What is the difference between ESP and EIP registers
What is the difference between ESP and EIP registers using the following examples? Explain what the code is doing.
main PROC
0000 0020 call MySub
0000 0025 mov eax, ebx
.
.
main ENDP
MySub PROC
0000 0040 mov eax, edx
.
.
ret
MySub ENDP
0000 0025 is the offset of the instruction immediately following the CALL instruction
0000 0040 is the offset of the first instruction inside MySub
The CALL instruction pushes 0000 0025 onto the stack, and loads 0000 0040 into EIP
|-------------| |----------|
| 0000 0025 |<--ESP | 0000 0040| EIP
|-------------| |----------|
| |
|-------------|
| |
|-------------|
The RET insttruction pops 0000 0025 from the stack into EIP (stack show before RET executes)

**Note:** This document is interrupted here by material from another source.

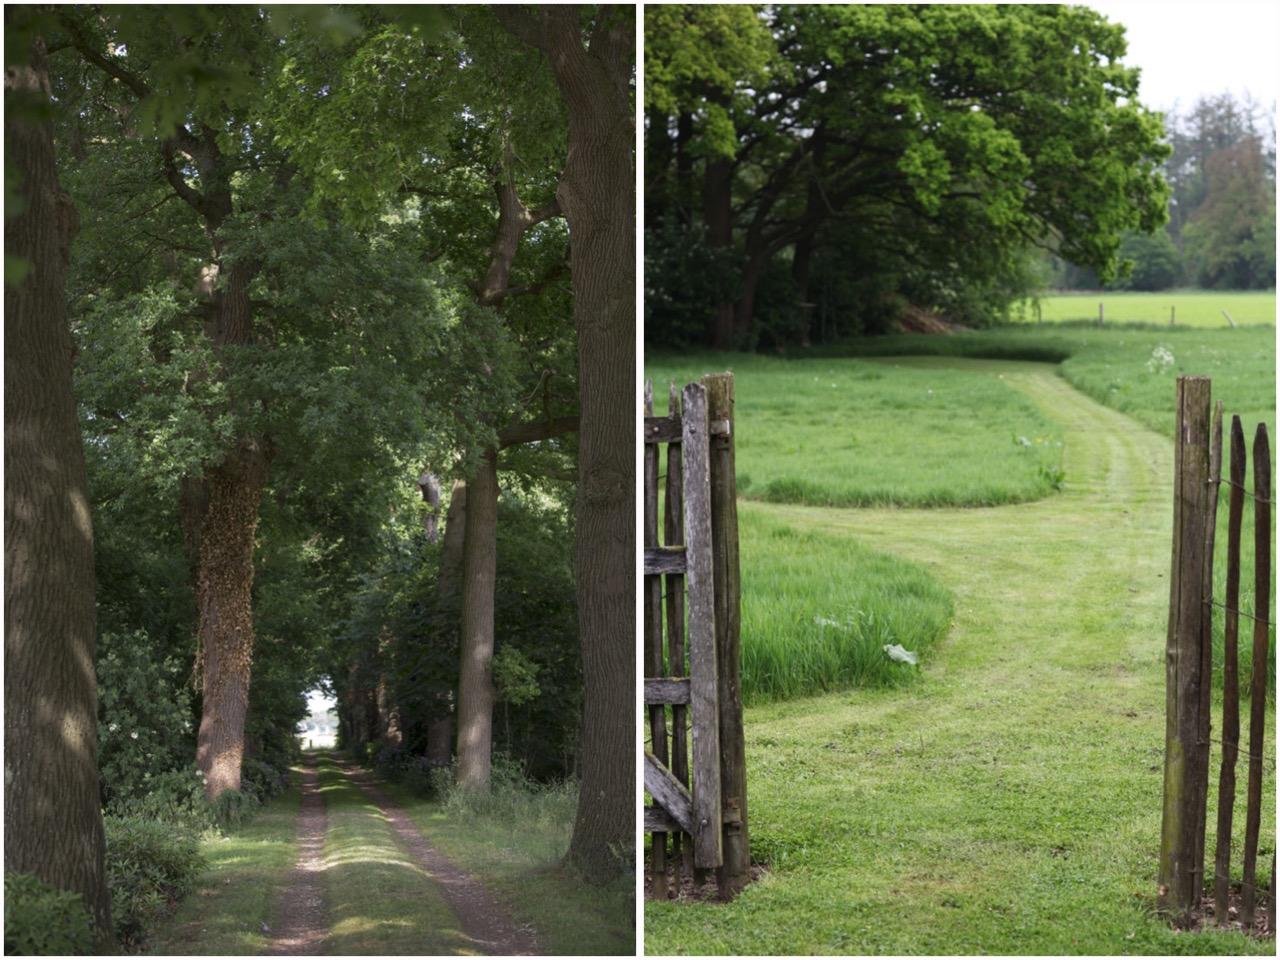 загородный дом дорожка деревья ландшафт

|-------------| |----------|
| 0000 0025 |<--ESP | 0000 0025| EIP
|-------------| |----------|
| |
|-------------|
| |
|-------------|
Answer
EIP is the instruction pointer. It points to (holds the address of) the first byte of the next instruction to be executed.
ESP is the stack pointer. It points to (holds the address of) the most-recently pushed value on the stack.
These are common architectural registers. This code is simply demonstrating how a function call / return sequence works.